Vous appréciez sans doute comme moi de passer un ou plusieurs jours à Paris pour flâner et apprécier l’architecture de la capitale. Nous allons détailler quelques uns des plus beaux passages parisiens (à mon goût) dans cet article.
Comme vous allez le voir, la plupart de ces lieux sont situés dans les 2e et 9e arrondissements de la capitale. Ces allées couvertes étaient des lieux de grande animation où la beauté architecturale était au service de la vente. Au XIXe siècle, la clientèle aisée appréciait également de s’y réfugier quand il faisait froid ou qu’il pleuvait …
Autour du Palais Royal
La galerie Véro-Dodat
Je me demandais d’où venait le nom de cette galerie … et je n’aurais pas trouvé toute seule ! Ce sont les noms des deux charcutiers qui décidèrent de construire cette galerie entre les rues du Bouloi et Jean-Jacques Rousseau. L’illusion de profondeur donnée par la trame diagonale des dalles en marbre noir et blanc sur le sol est bluffante, on dirait que la galerie est plus longue que 80 mètres.

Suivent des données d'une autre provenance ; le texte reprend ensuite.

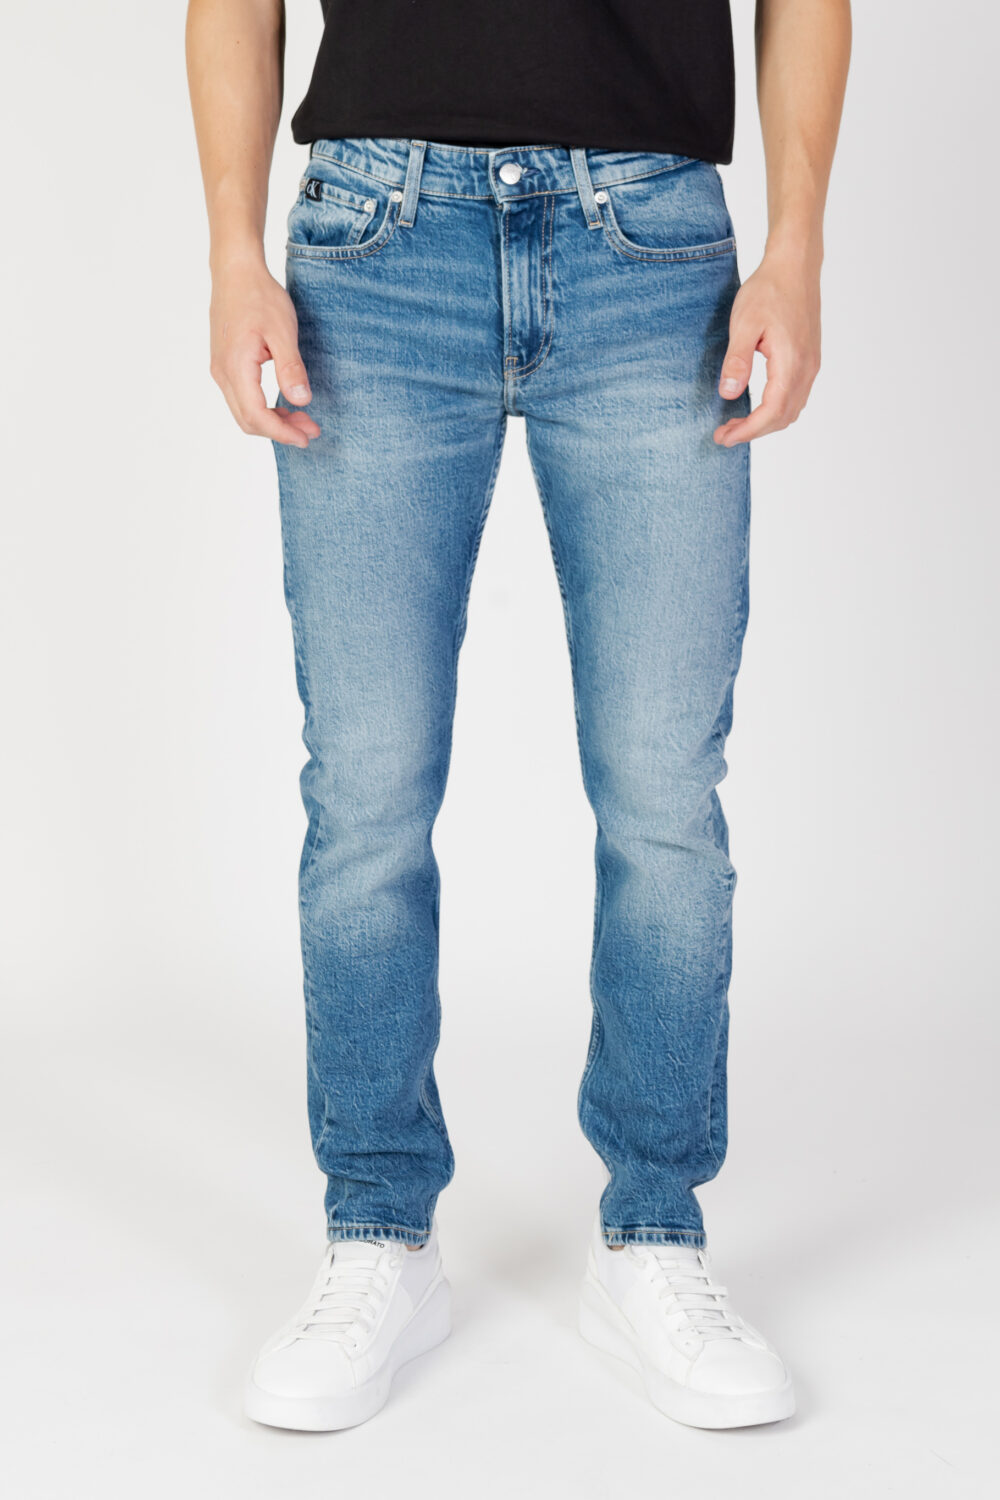 Jeans Tapered Calvin Klein Jeans slim taper Denim - Foto 6
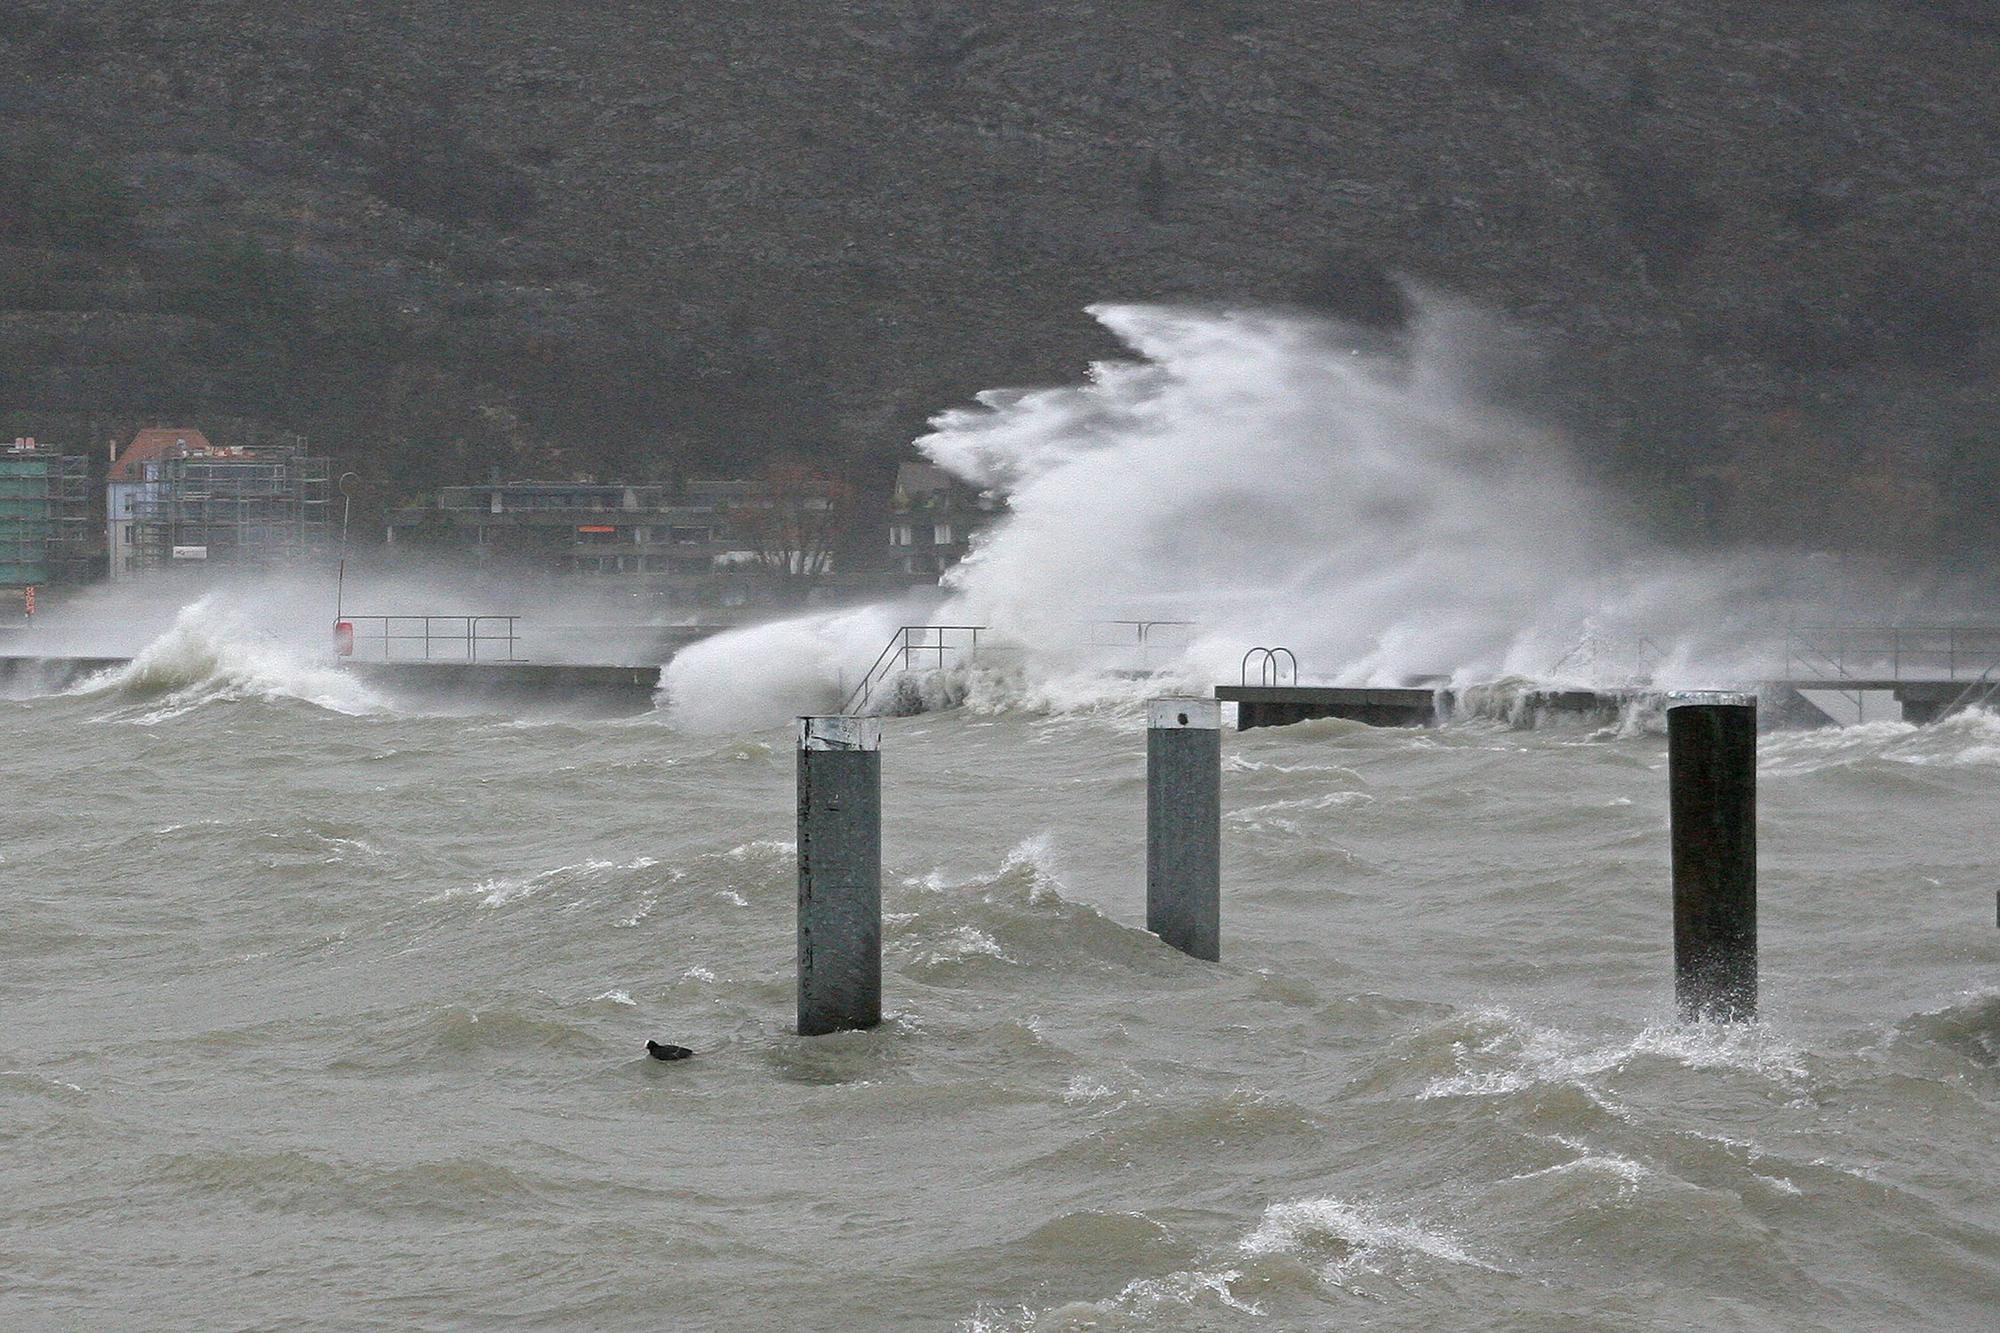 Des vagues impressionnantes sur le lac de Bienne jeudi. [Cédric Maire]

On retrouve les ornements qui s’inspirent de la thématique habituelle dans ces édifices voués au commerce, comme la lyre à la base des pilastres, ou la corne d’abondance sur les luminaires supérieurs.



La galerie Vivienne
Maître Marchoux, qui était le président de la Chambre des Notaires, souhaitait construire la galerie la plus belle et la plus attractive. Il habitait déjà dans ce quartier d’affaires, et fit l’acquisition tout d’abord d’un hôtel et de la maison mitoyenne, rue Vivienne. C’est à l’architecte François-Jacques Delannoy, formé à l’école de l’Empire, qu’il confia ce projet luxueux, un passage couvert inauguré en 1826.


Il associa pilastres, arcs et corniches, aux différents symboles de la réussite (couronnes de laurier, gerbes de blé et palmes), de la richesse (cornes d’abondances) et du commerce (caducée de Mercure). Ce passage couvert attira bon nombre de chalands grâce à ses boutiques de bottier, tailleur, marchand de vin, d’estampes, libraire …

La réalisation du sol fut confiée à Giandomenico Facchina, un mosaïste italien formé à Trieste et à Venise. Il fait breveter sa technique à l’INPI, celle-ci consiste à préparer des panneaux de mosaïque au préalable à l’atelier sur un carton souple, ce qui facilite le travail et permet une réduction considérable des coûts. Il intervient sur bon nombre de monuments ou édifices parisiens, dont le Palais Garnier , le Printemps Haussmann, le Bon Marché, le Petit Palais, et plusieurs musées.
Il est inhumé au cimetière du Père Lachaise


La galerie Colbert
Voici une galerie dont le but était de concurrencer celle dont je viens de vous parler juste plus haut, la galerie Vivienne. Pour ce faire, une société spéculative, Adam & Compagnie, acheta à l’État un ancien hôtel, construit par Louis Le Vau, qui avait appartenu à Colbert, puis au régent Philippe d’Orléans. À sa place, ils créèrent en effet le haut lieu des rendez-vous galants sous la Monarchie de Juillet.
L’architecte Jacques Billaud a inspiré de nombreux de ses pairs dans toute l’Europe, son idée de vaste rotonde éclairée par un dôme en verre a fait des émules. Dans la galerie Colbert, un magnifique candélabre en bronze portant une couronne de sept globes de cristal éclairés au gaz se trouvait sous ce dôme. Hélas on l’a remplacé par une statue en 1822, qui n’était d’ailleurs plus là quand je suis passée en 2026. De gros globes lie de vin et blancs suspendus au plafond, des canapés, mais plus de statue dans la pièce ronde du fond.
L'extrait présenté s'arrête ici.